The officer took Romero into custody and placed him in handcuffs in the back of the police vehicle. [Doc. 11-8 at 2.] En route to the police department, Romero verbally threatened the officer by stating he would kill the officer and his family once he was released. [Id.]

These incidents gave rise to numerous charges. Romero refused a plea agreement, and on May 30, 2007, was convicted in Nambé Tribal Court after a bench trial before a tribal court judge. [Doc. 1 at 2.] The Judgment and Sentence [Doc. 1-3 at 2] reflects that he was convicted and sentenced as follows:

Count 1: Battery against a household member ............... 365 days Count 2: Assault against a household member ............... 365 days Count 3: Assault .......................................... 365 days Count 4: Assault .......................................... 365 days Count 5: Battery .......................................... 365 days Count 6: Assault on a Peace Officer ....................... 365 days Count 7: Criminal Damage to Property ...................... 365 days Count 8: Interference with communications ................. 365 days Count 9: Criminal Trespass ................................ 365 days Count 10: False Imprisonment ............................... 365 days Count 11: False Imprisonment ............................... 365 days Count 12: False Imprisonment ............................... 365 days Counts 7, 9, 11, and 12 ran concurrently with sentences for other counts, but otherwise the sentences were consecutive, resulting in a total term of imprisonment of eight years. [Doc. 1-3 at 2.] The Tribal Court also imposed $7,050 in fines and fees. [Id.]

Romero was held in custody for the entire time between his arrest in February 2007, and his conviction in May 2007. [Doc. 1 at 5.] During that time, he appeared for an arraignment and a pretrial conference. At no time during these proceedings was Romero represented by legal counsel.

On June 15, 1007, Romero appealed the Tribal Court's decision. [Doc. 10-2.] On June 23, 2007, he addressed a letter to the Tribal Counsel and the Pueblo of Nambé Governor requesting a retrial. [Doc. 10-4.] In the letter, he complained among other things that he had not been read his Miranda rights, that he had no legal representation, and that the judge was not impartial. [Id.] The Pueblo characterized the letter as an appeal and submitted it to the Southwest Intertribal Court of Appeals ("SWITCA").

Pursuant to a Tribal Council resolution, the SWITCA acts as an independent court of appeals for the Pueblo of Nambé. [Doc. 10-6.]

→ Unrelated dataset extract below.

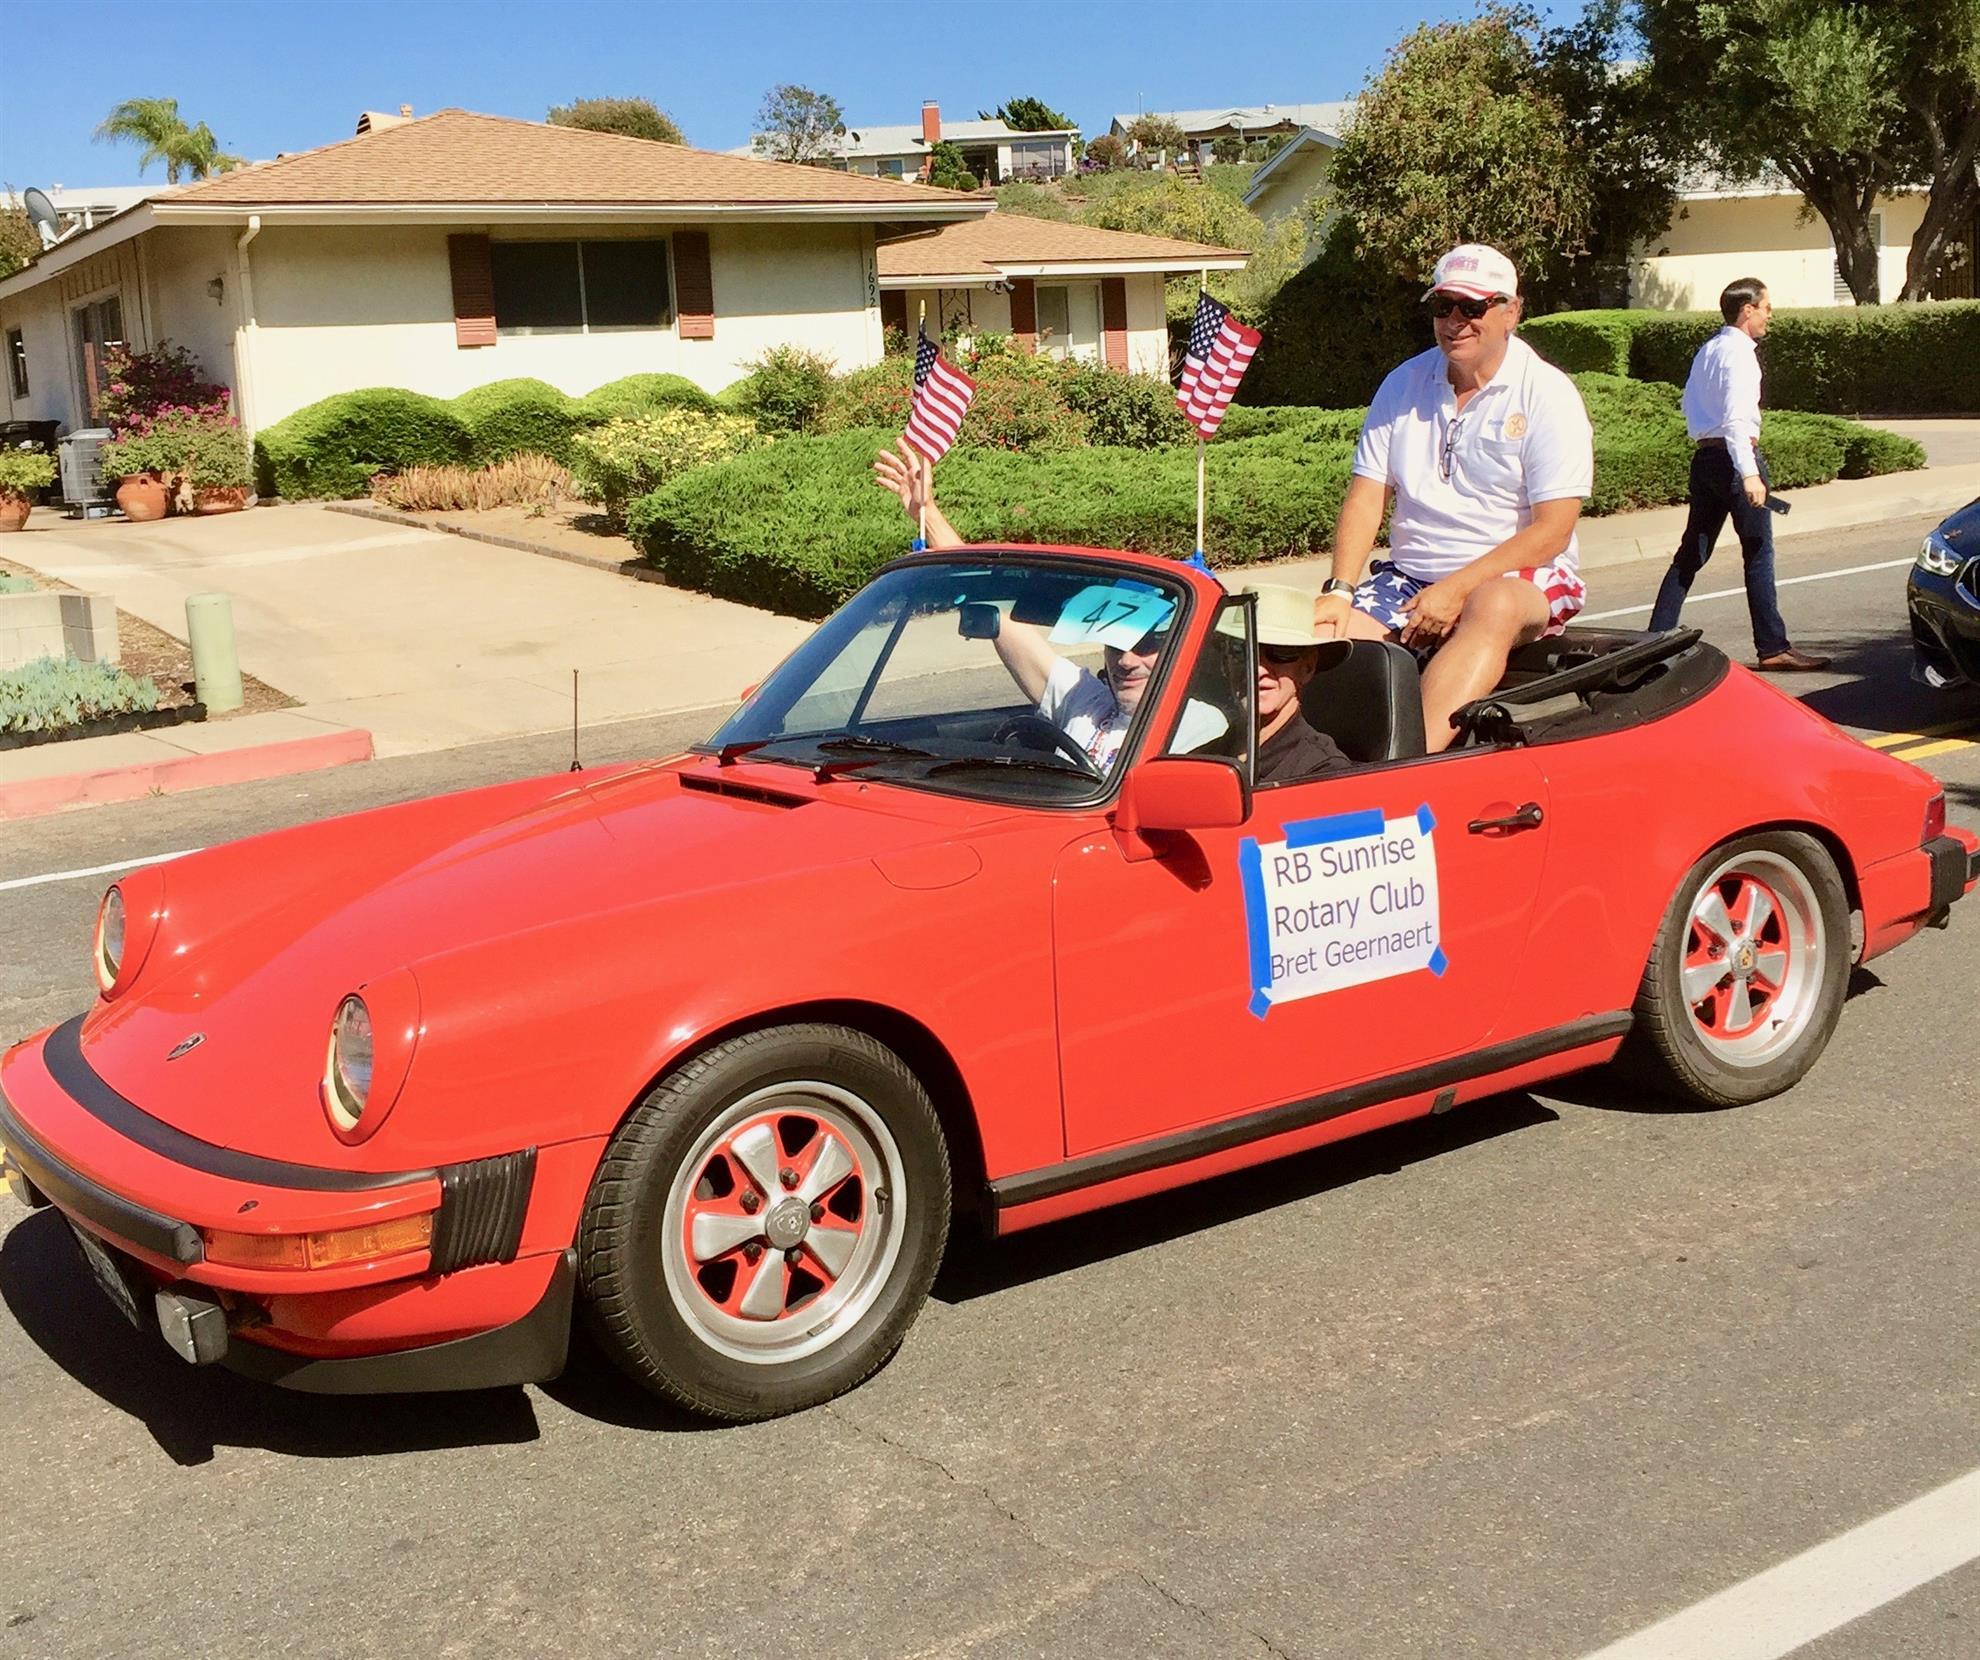 Stories | Rotary Club of Rancho Bernardo Sunrise (San Diego)

The SWITCA upheld Romero's conviction and sentence in a written opinion dated November 7, 2007. [Doc. 11-4 at 6-8.] The opinion addressed Romero's right to counsel and Miranda claims, and concluded that neither provided grounds for reversing the conviction. [Id.]

Romero, who was at that time incarcerated in Colorado, filed a pro se Petition for Writ of Habeas Corpus in the District of Colorado on November 21, 2008. The district court entered an order directing Romero to cure deficiencies by either paying the filing fee or filing a motion and affidavit for leave to proceed in forma pauperis. The district court also directed Romero to file an Application for a Writ of Habeas Corpus on the proper form. [Doc. 1-4 at 1.] The docket sheet reflects that a money order and a Motion and Affidavit for Leave to Proceed under 28 U.S.C. § 1915 were received from Romero on December 22, 2008. [Id.]

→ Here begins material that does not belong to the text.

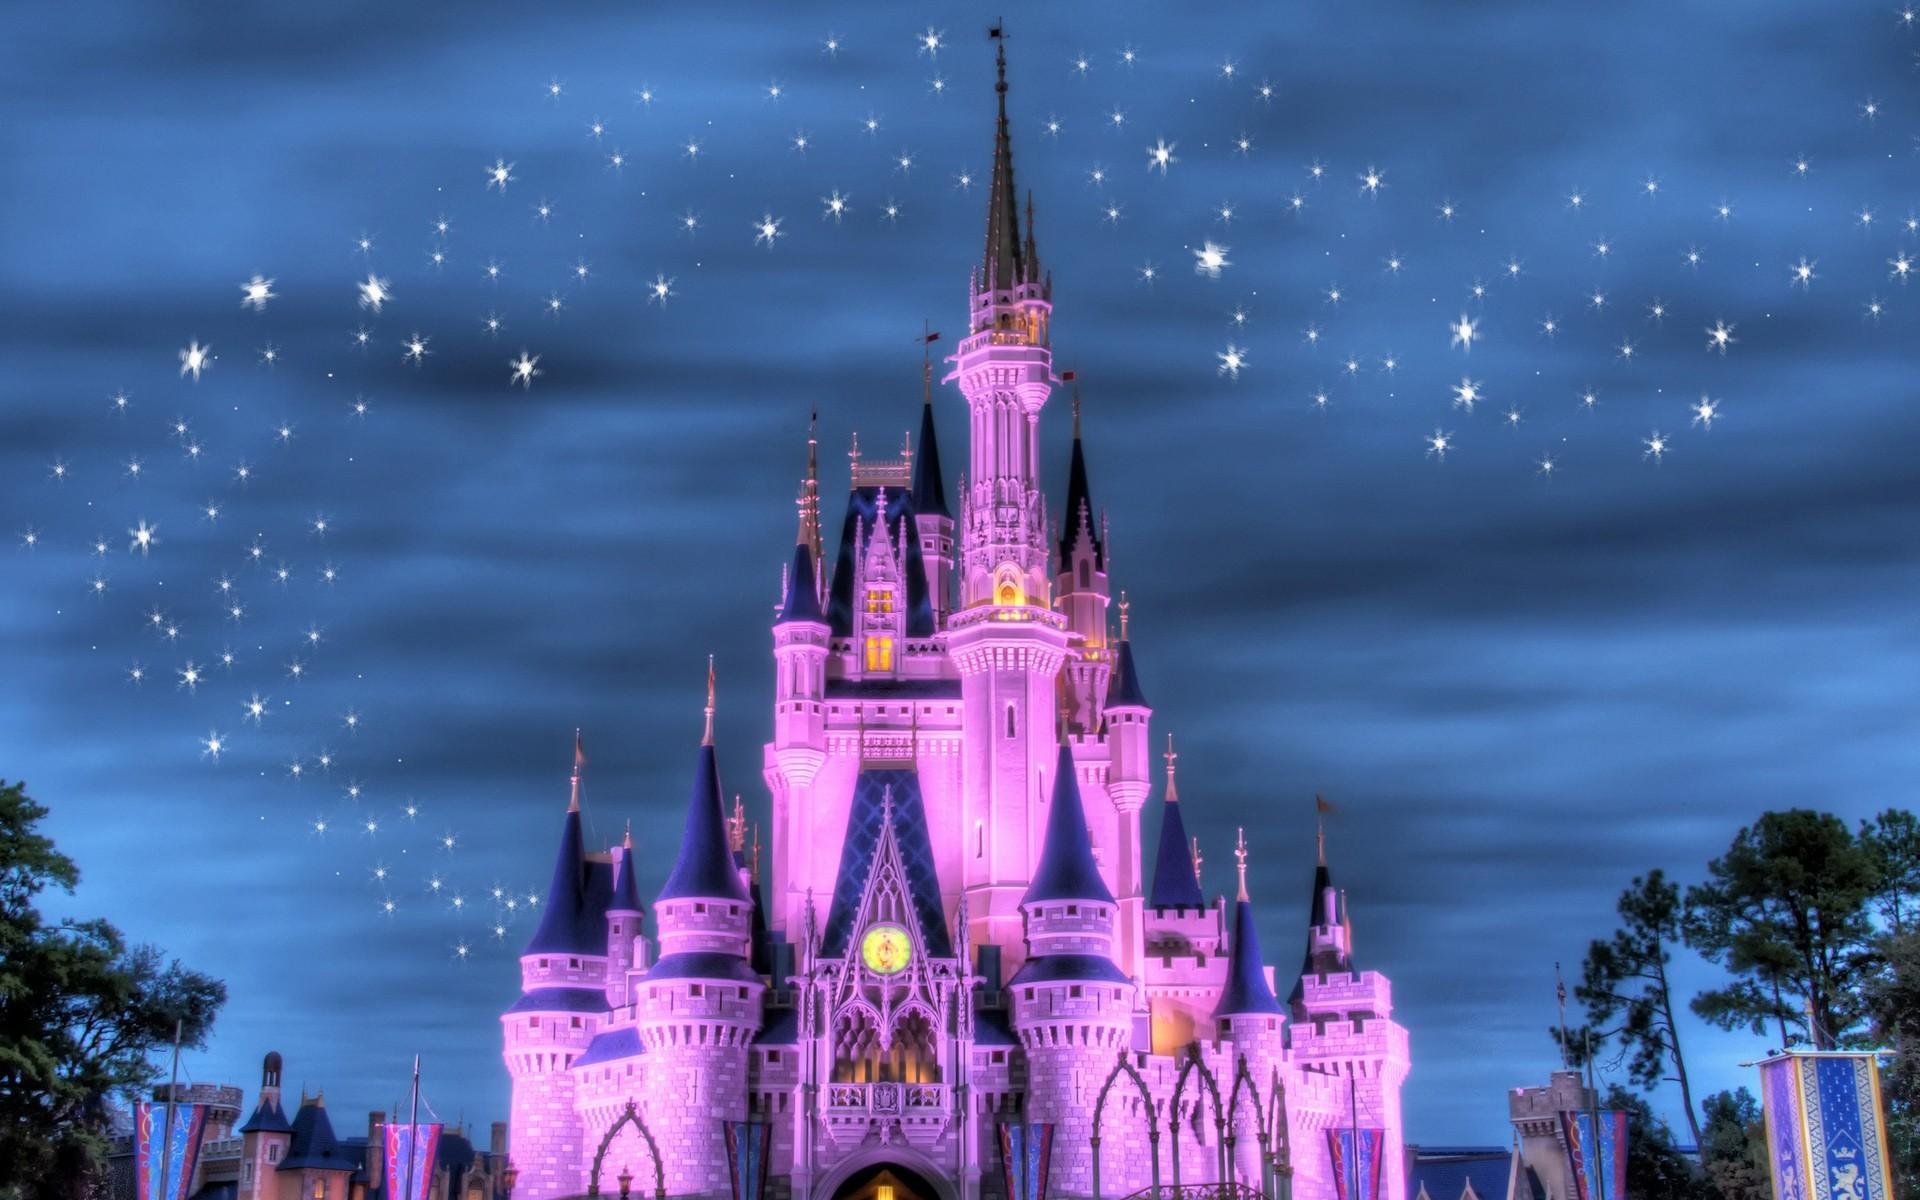 free Castles Disney wallpaper, resolution : 1920 x tags: Castles, Disney,  Magical.

The case was assigned cause No. 1:08-cv-2539-ZLW.

On December 23, 2008, the district court granted Romero an additional 30 days to comply with the previous Order to Cure Deficiencies. [Doc. 1-4 at 1.] However, in December 2008, Romero was relocated from Colorado to a facility in Gallup, New Mexico. [Doc. 1 at 3.] Consequently, the District of Colorado's order granting an extension was returned as undeliverable, and on February 2, 2009, the Colorado petition was dismissed without prejudice. [Id.]

B. Procedural Background

Romero, who is now represented by counsel, filed his Petition for Writ of Habeas Corpus Pursuant to 25 U.S.C. § 1303 for Relief from Indian Tribal Court Conviction and Order of Detention [Doc. 1] in this court on March 10, 2009. Respondents are Donna K. Goodrich, the warden of the Gallup McKinley Adult Detention Center where Romero was incarcerated when the petition was filed, and the Pueblo.

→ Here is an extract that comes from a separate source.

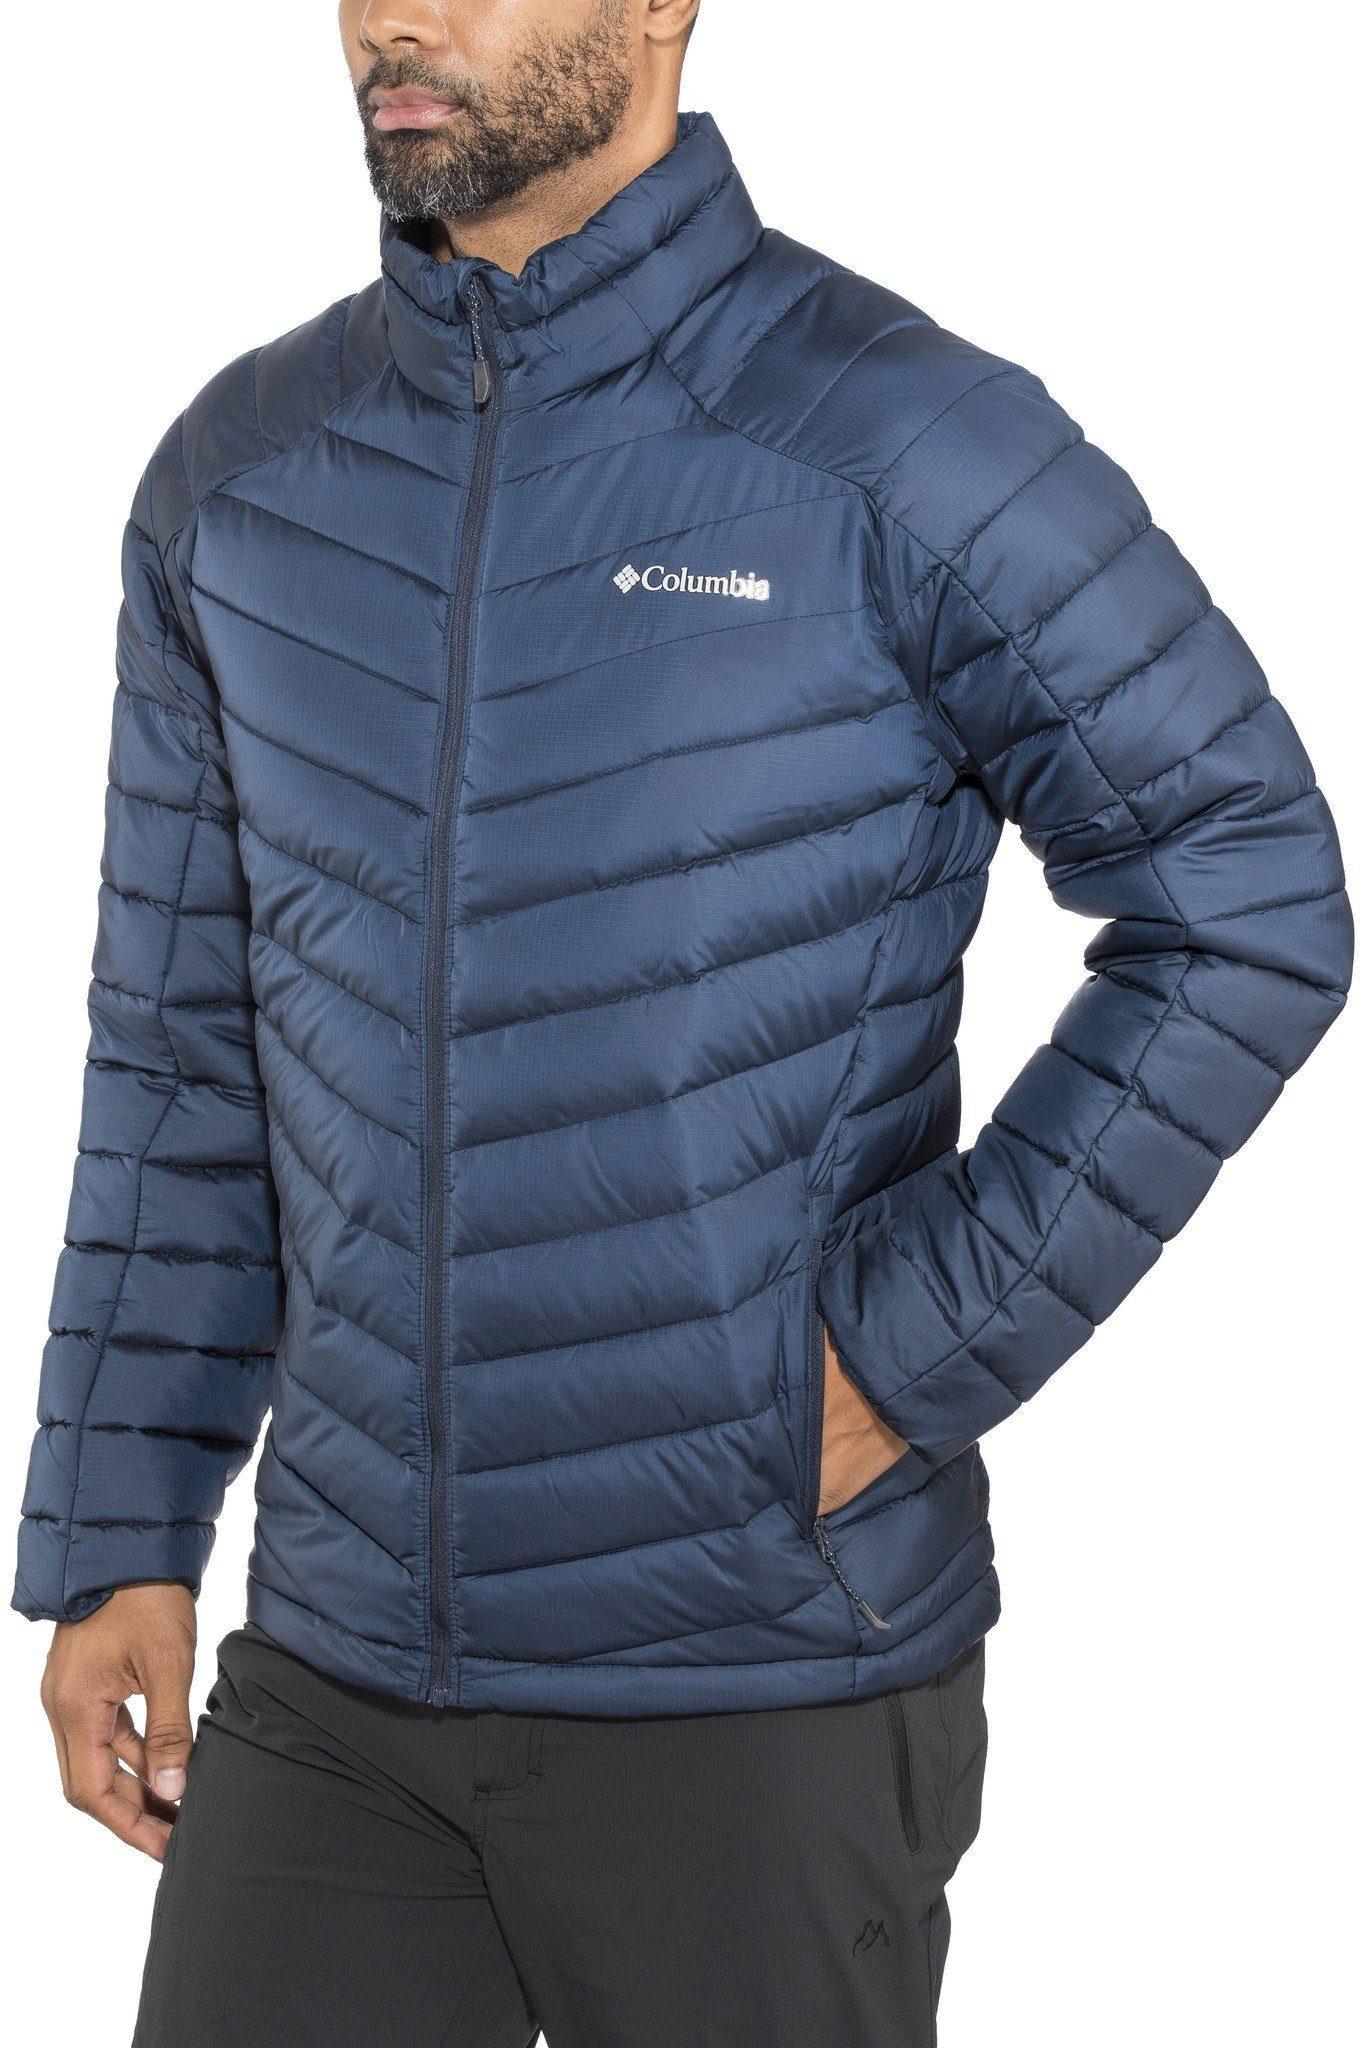 Columbia Outdoorjacke »Horizon Exp***** Jacket Herren« online kaufen   OTTO

The Court ordered Respondents to answer the petition, and also to provide copies of "any pleadings pertinent to the issue of exhaustion which was filed by Petitioner in the sentencing and appellate courts, together with copies of all memoranda filed byboth parties in support of or in response to those pleadings . . . [and] all tribal court findings and conclusions, docketing statements and opinions issued in Petitioner's post-conviction or appellate proceedings." [Doc. 6 (emphasis in original).] As ordered by the Court, each Respondent filed an answer to the petition. [Docs. 8, 10.] The Pueblo also filed a Motion to Dismiss. [Doc. 11.] Romero responded to the Motion to Dismiss by moving to compel the Pueblo to produce the record and requesting an evidentiary hearing. [Doc. 12.] Apparently in response to Romero's allegations that the record was incomplete, the Pueblo filed a Notice of Lodging of Tapes to Records Department [Doc. 14], simultaneously submitting six audiotapes and copies of eight exhibits from Romero's trial; the Pueblo also filed a reply in support of its Motion to Dismiss [Doc. 13]. Five months later, Romero sought leave to file a surreply. [Doc. 18], and several weeks after that, moved for a status conference [Doc. 22].

The Notice states that five audio tapes were submitted, but in fact, the Court received six tapes, with two tapes designated "Tape 2."

II. ANALYSIS

A. Habeas Corpus Relief under the Indian Civil Rights Act of 1968 ("ICRA")

Romero claims his conviction and subsequent detention violate the Indian Civil Rights Act of 1968 ("ICRA"). ICRA provides that: "The privilege of the writ of habeas corpus shall be available to any person, in a court of the United States, to test the legality of his detention by order of an Indian Tribe." 25 U.S.C. § 1303.

ICRA embodies two distinct and competing purposes: on the one hand, it serves to strengthen "the position of individual tribal members vis-á-vis the tribe"; on the other hand, it promotes "the well-established federal policy of furthering Indian self-government." Santa Clara Pueblo v. Martinez, 436 U.S. 49, 62 (1978) (citation and internal quotation marks omitted). To achieve a balance between these two purposes, ICRA extends a number of constitutional protections that otherwise would not be available to Indians within the jurisdiction of the tribe.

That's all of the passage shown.